Hi everyone,
A colleague reported an issue we have encountered in a new Linux cluster regarding file IO (writing) with NFS protocol. Basically, it was seen that in this new cluster the configuration makes it such that files are not flushed unless something like 1Gb of memory has been reached to write the file or that the close
clause is reached. This point is problematic because in some cases the simulations can be quite long, and it is expected to do monitoring with certain files which contain information of what is happening at runtime.

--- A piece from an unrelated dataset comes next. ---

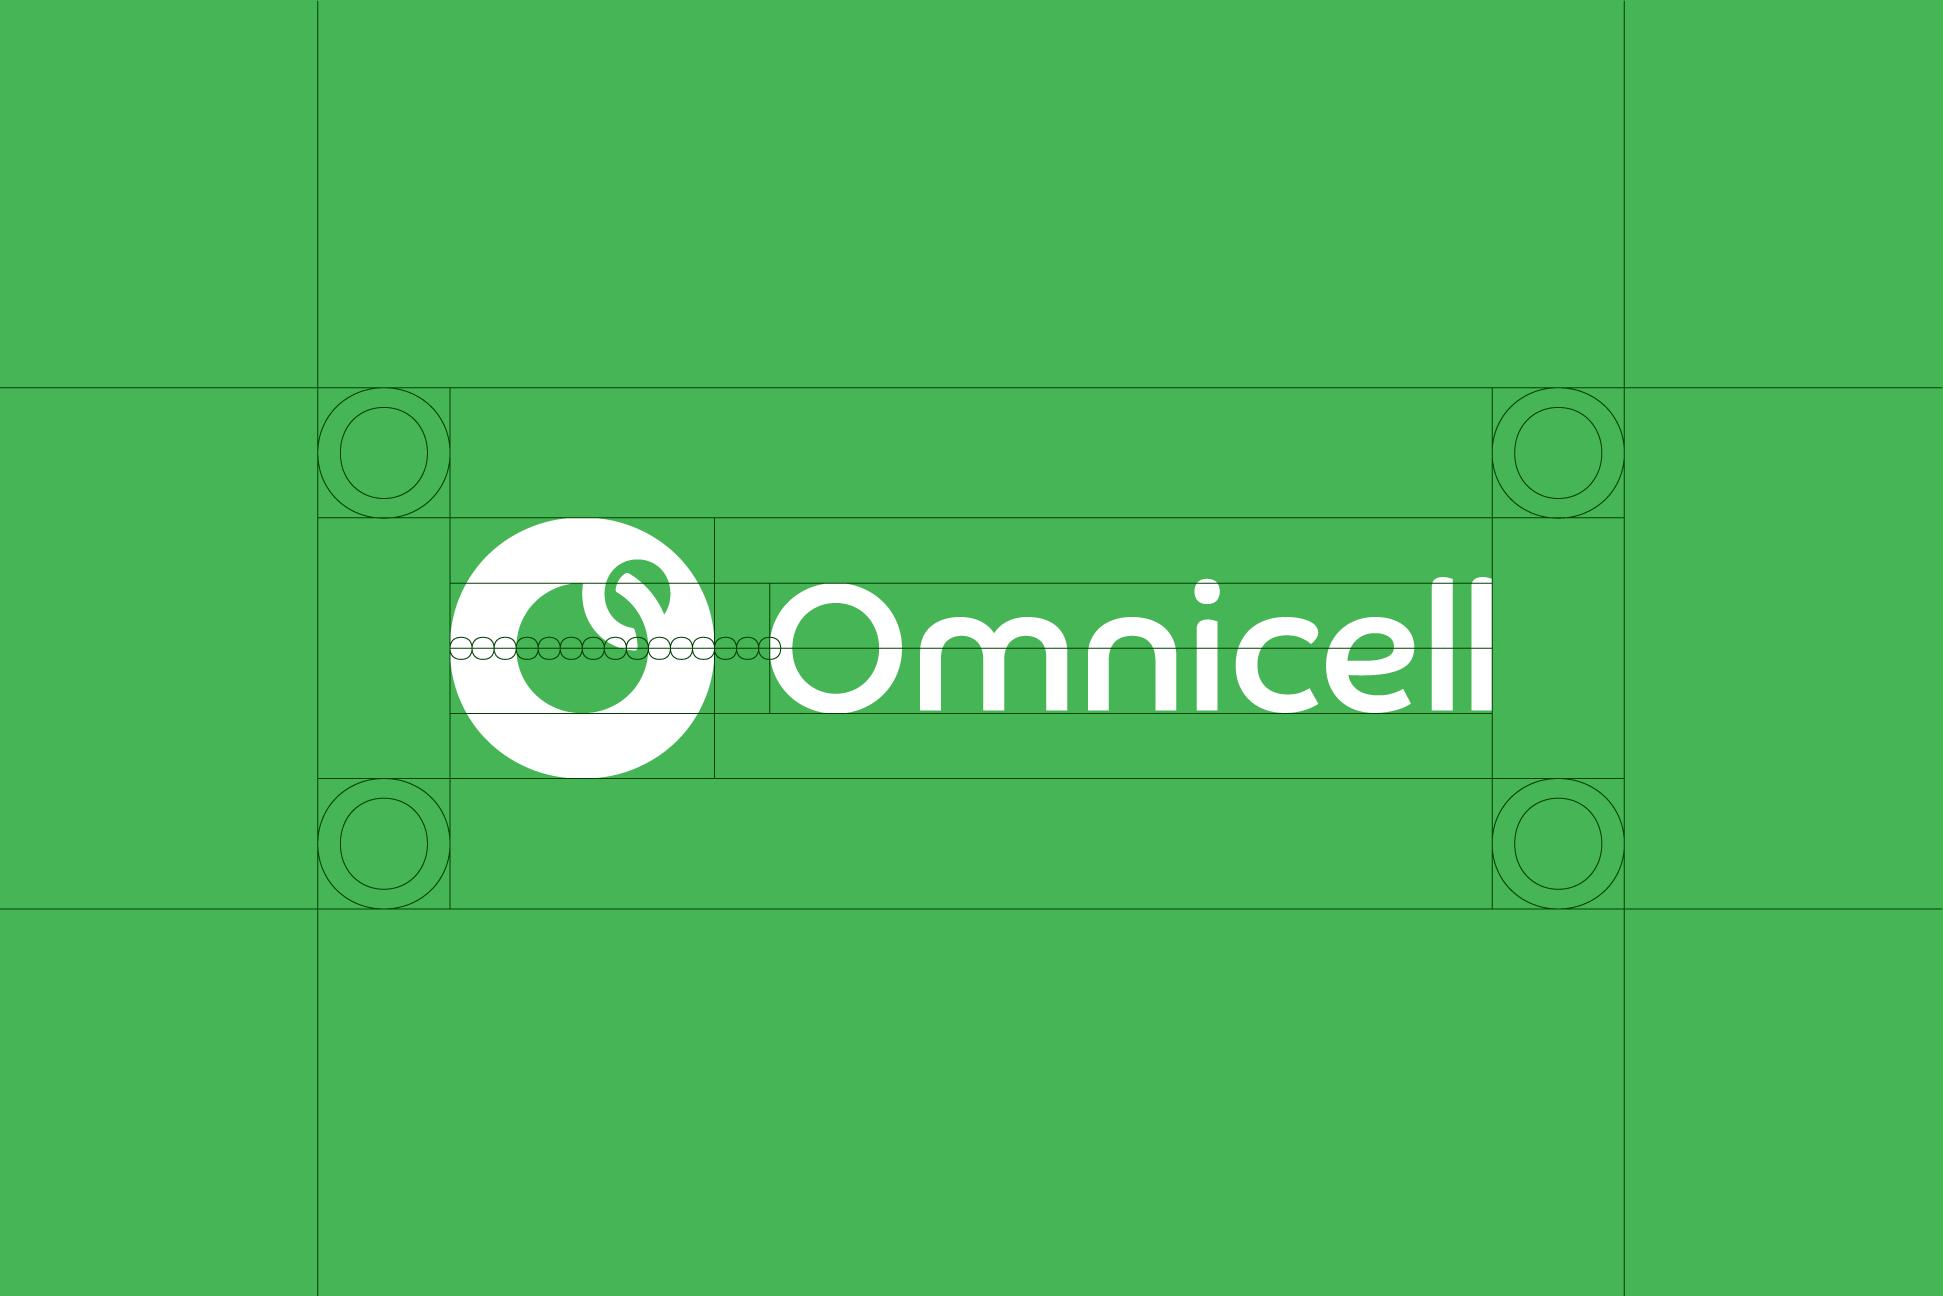 Omnicell Logo Lockup Construction

At first we thought the issue might be with MPI in parallel, but after several tests, one of my colleagues managed to create a mwe showing that already in sequential we can see the issue.
main.f90
program main
use iso_fortran_env
implicit none
real(real64) :: t1, t2, dt
integer(int32) :: u1, u2, u3
integer(int32) :: i, N, counter_timer
integer :: ret
! Declare the interface for POSIX fsync function
interface
function fsync (fd) bind(c,name="fsync")
use iso_c_binding, only: c_int
integer(c_int), value :: fd
integer(c_int) :: fsync
end function fsync
end interface
!------------------------------------------------
write(*,*) 'Printing files'
call cpu_time(t1)
open(newunit=u1, file="fortran_no_flush.txt", status='replace')
open(newunit=u2, file="fortran_with_flush.txt", status='replace')
open(newunit=u3, file="fortran_with_sync.txt" , status='replace')
i = 0
N = 60
counter_timer = 0
do
i = i + 1
write(u1, 001) i
write(u2, 001) i
write(u3, 001) i
001 format("Line ", I9)
flush(u2)
flush(u3)
ret = fsync(fnum(u3)) !> fnum only works with gfortran
if (ret /= 0) stop "Error calling FSYNC"
call cpu_time(t2)
dt = t2 - t1
if (dt > counter_timer) then
write(*,'(I2,"/",I2)') counter_timer, N
counter_timer = counter_timer + 1
endif
if (t2 - t1 > N) exit
enddo
close(u1)
close(u2)
close(u3)
end program
In this program, 3 files are opened for writing. We even set a flush clause on two of them. Compiling with gfortran -Wall -O3 main.f90 -o test
and running under our cluster the “test” program while simultaneously monitoring on the frontend node with
tail -f fortran_with_flush.txt
(second file) It is not about after 30 seconds that we see the lines being actually flushed to the file, while
tail -f fortran_with_synch.txt
(third file) It is immediate.
Now, the fsync solution is more of a hack, this would imply doing some heavy modifications in a codebase that has worked for more than 40 years, and the fnum
function is not available under intel compiler which is the actual compiler we use for production.
Has anyone encountered such a weird problem with newer clusters? How would you go about such a long latency problem for flushing files? We hesitate regarding using the option “NOAC” at the configuration level of the NFS communication protocol which could solve the problem but it seems to downgrade performance.
Some resources on the topic:
https://www.alibabacloud.com/help/en/nas/writing-delays-when-accessing-a-file-from-different-nfs-clients
https://linux.die.net/man/5/nfs